I wanted to probe those Gemma 4 results a bit more, as I did with Qwen, where I tested three hypothesis at once: Can a different prompt change the outcome (probably no), can repeated attempts improve the outcome (a qualified yes), and does quantization matter (mostly no, at least down to 4-bit).
So, I ran a similar test with the 31b and the 26b-a4b MoE versions. Since I’d already found that quantization doesn’t seem to hurt in a measurable way on this task, and since I know the QAT version of Gemma 4 is very good, seemingly indistinguishable from the full-fat version, I decided to only test the 4-bit QAT version this time. We’re still testing two hypothesis (which don’t interfere with each other): Can the prompt change the outcome? and Can repeated attempts improve outcomes? The result this time was, “maybe for the worse?” and “very yes”. Giving Gemma 4 31b multiple attempts allows it to find six (6!) of the nine bugs, including extremely hard to find bugs that only one or no other model found in the original benchmark. That’s a shocking outcome for a tiny open weight model that is comfortably self-hostable in 64GB.
This was the same basic test as before: Nine bugs originally found by Mythos, the same bugs all of the models in the big benchmark have looked at. The model is given the file where the vulnerability exists, and read/grep/ls tools for exploring the whole repository. As in previous benchmarks, it is not given any hints about the type of problem, it’s merely asked to report any security bugs it finds.
This benchmark run included two runs for each model with each of three different prompts, “open”, “plan”, and “checklist”.
- open : the plain neutral file-audit prompt (control / variance floor). Basically, just “report security bugs in this file” as in the baseline benchmark.
- plan : prepend a threat-modelling scaffold (enumerate inputs, resource lifetimes, authz) and reason before answering.
- checklist : fold the language’s applicable common weakness classes into ONE pass as a breadth checklist
As in the Qwen benchmark, the simplest “open” prompt seems to be the winner, but also as with Qwen, there’s enough noise, especially in the MoE results, to where I’m not entirely sure. I think a pattern is emerging that micromanaging the model by prompting it very specifically with a bunch of things to think about is probably suboptimal. At the very least a longer, more complicated, prompt may be wasting time and effort and tokens.

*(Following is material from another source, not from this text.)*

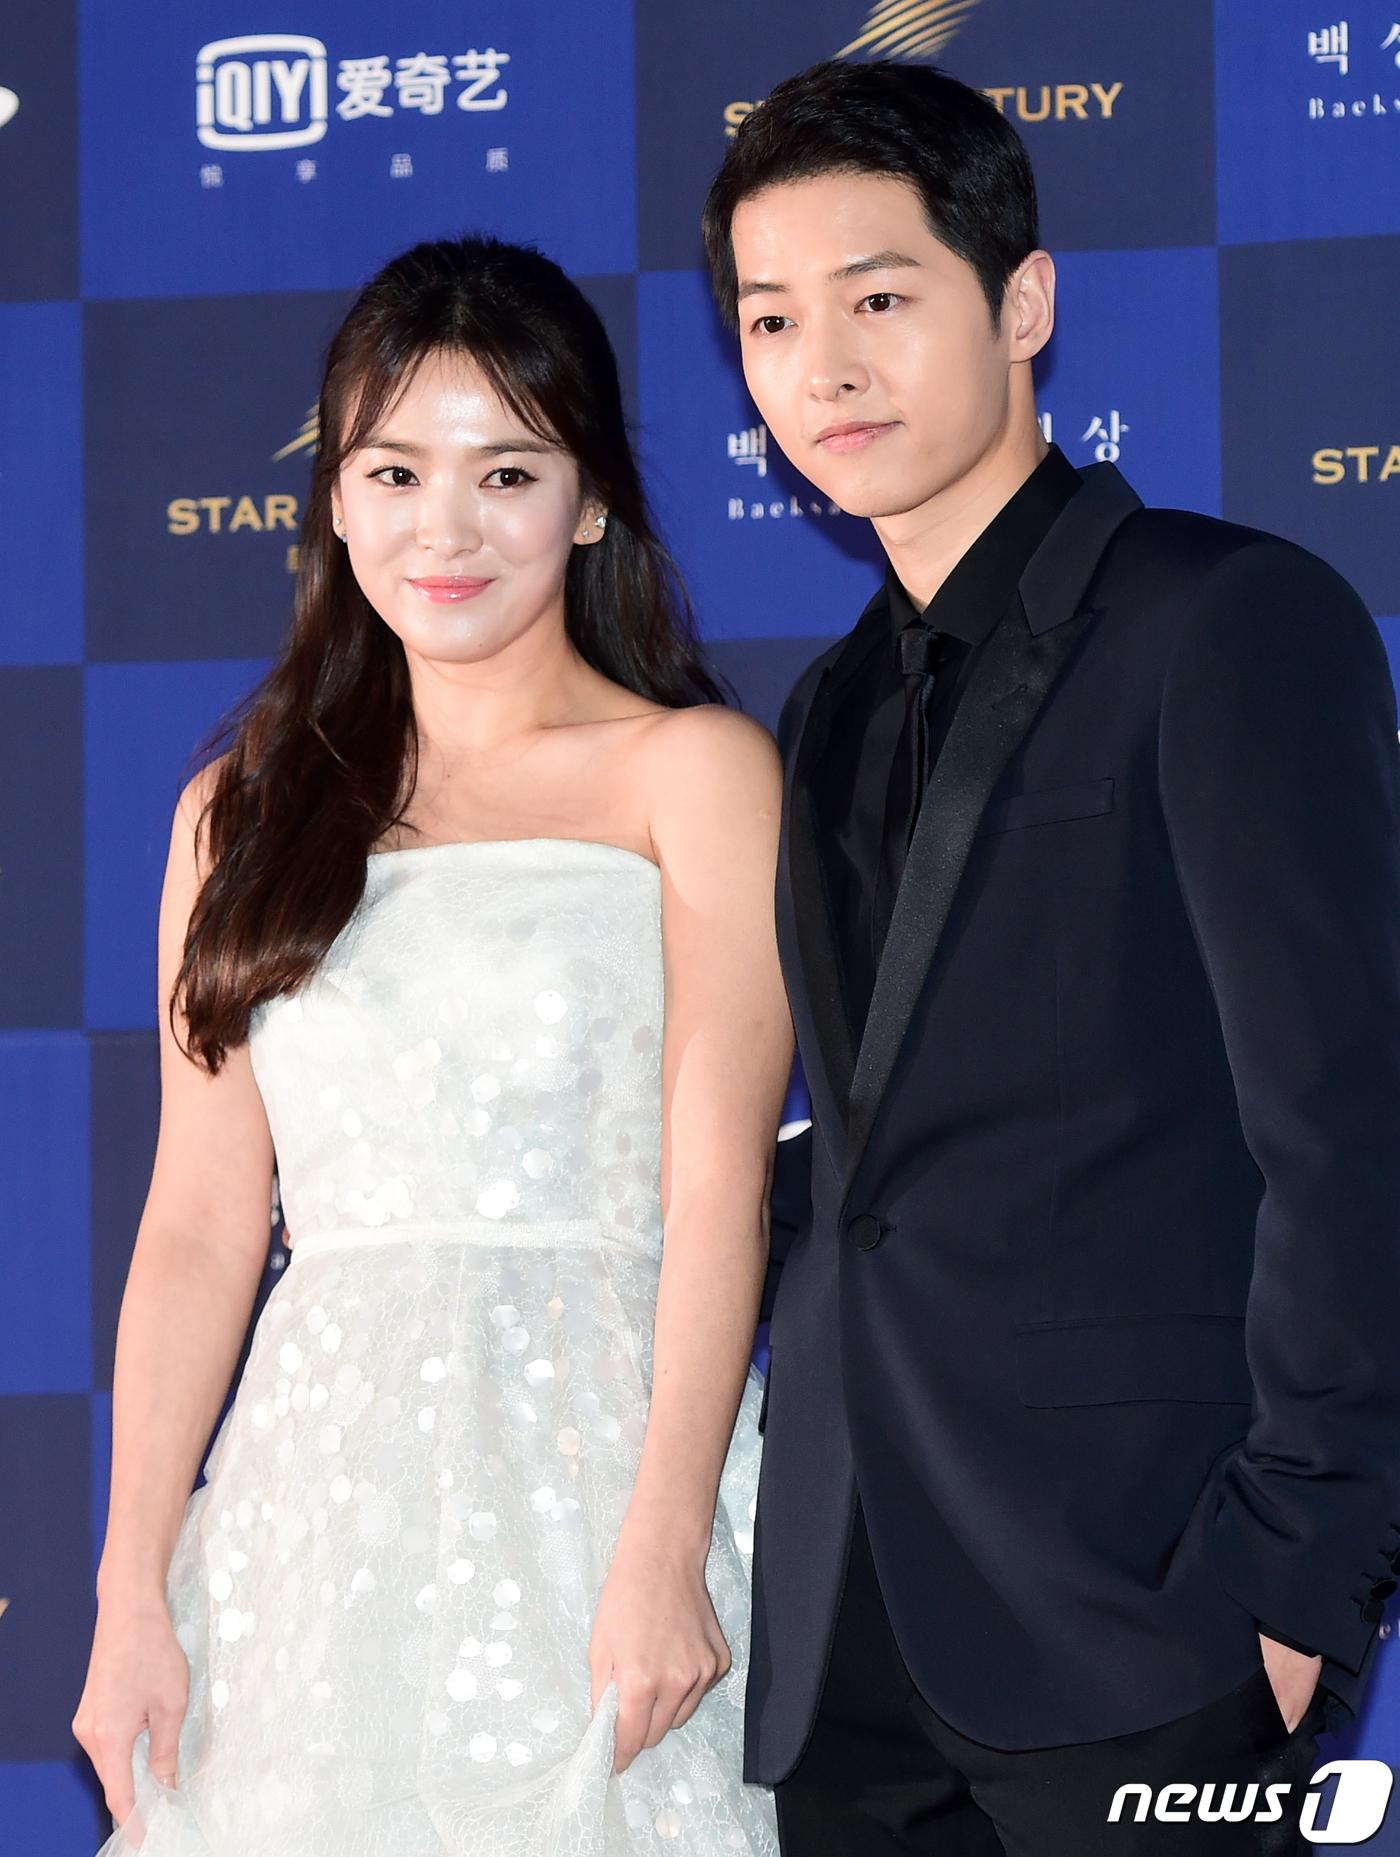 Seoul = = The divorce settlement of Song Song Couple Actor Song Joong-ki (34) and Song Hye-kyo (38) was established.According to the court on the 22nd, the mediation between the two sides was established at the mediation date held by the 12th independent housekeeping department (chief judge Jang Jin-young) of the Seoul Central District Court at 10 a.m. on the same day.According to Song Hye-kyo, the two sides concluded the mediation process by divorceing each other without alimony or property division.Now, if the two sides receive a mediation report and report a divorce to the ward office within one month, the divorce process will be finalized.Song Hye-kyos agency UAA said it is also in the process of divorce mediation, saying, The reason is that the two sides can not overcome the difference between the two sides.Meanwhile, Song Joong-ki and Song Hye-kyo met as actors starring KBS 2TV drama Dawn of the Sun which was broadcast in 2016 and developed into lovers.Two rumors of devotion were raised, but all denied, and the marriage was officially announced in two weeks after the second episode.Since then, the pair have had a grand wedding in October 2017 amid the blessings of fans and colleagues.Star couple drove a big topic at home and abroad, but after a year and nine months of marriage, it was a great shock to the public.Song Joong-ki has left the part 3 broadcast of Season 1 after finishing the TVN drama Asdal Chronicle.He is also working on his acting career by confirming his appearance in the movie Win Ri Ho. Song Hye-kyo is also considering his next film.

More data is still needed.
Once again the MoE got “lost” pretty often in a generative loop where it would repeat itself in the reasoning step until the harness timed out. If I do any more tests on the MoE (and I may not, given its poor performance here), I’ll run it with frequency_penalty and repeat_penalty raised a little bit, to hopefully kick it out of the forever loop, which prevented it from answering at all on a few attempts (where you see either 0/1, 1/1, or — in the chart, the model timed out at least once due to a reasoning loop). That mostly happened on bugs that it probably wouldn’t have found, anyway, as the dense model is consistently better at this task and it didn’t find them, so I didn’t try to fill in those gaps. I’ll do more testing of Gemma 4 in the future, though, as it’s easy to self-host at a reasonable speed, so it’s close to free to experiment with, and it’s shockingly good at this job, given its size, so it’s an interesting area for research.
Results
Conclusions
Pretty impressive results for a tiny model that fits on a quite normalish developer machine. The dense version of Gemma 4 runs comfortably on my desktop machine with dual 32GB Radeon Pro V620 GPUs (five year old data center GPUs) or on the Strix Halo with 128GB, albeit a bit more slowly. It would also be fine on any recent Mac with 64GB of unified memory, as long as you don’t go overboard with context. This test makes Gemma 4 31b the best model I’ve tested, finding six of nine bugs. Obviously, when I run the same replication runs on the other models, they will very likely also find more bugs. But, the Qwen results made me think there was a hard boundary on smaller models finding most of these bugs. Which this benchmark refutes.
Oh, and of course, now we see the MoE is really prone to hallucinated bugs, making it unfit for this purpose. It’s fun to chat with because it’s very fast, even on modest hardware, but when precision and real deep thinky thoughts are needed, there’s a lower bound and the MoE is well under it. I wouldn’t try to use it for any serious security work, even though it did find a pretty good number of the bugs, more than some much larger models.
The dense model also had a few false positives, but probably not enough to be disqualifying. False positives are particularly bad in a security research tool, as any bug report needs to be investigated somehow. Either by other models or by a human or both. So, a bunch of good bug reports get a lot less valuable when they’re mixed with a bunch of false positives. Gemma 4 is majority real. We’ll see how other models stack up when they are given multiple chances per bug.
My next steps with Gemma are to run more tests with more tools available, and perhaps a “bughunt loop” where the model gets a checklist of several tactics to try and the necessary tools to try each of those tactics. That will be a larger time investment, though, so it might be a little while before I get to it. Future experiments with Gemma 4 will probably focus on the 31b dense model and skip testing on the MoE, since it’s pretty clear it’s not up to the task. Here’s hoping the Google folks have a bigger MoE up their sleeves…a 70b, or even 120b, would be really nice for self-hosters with 128GB systems.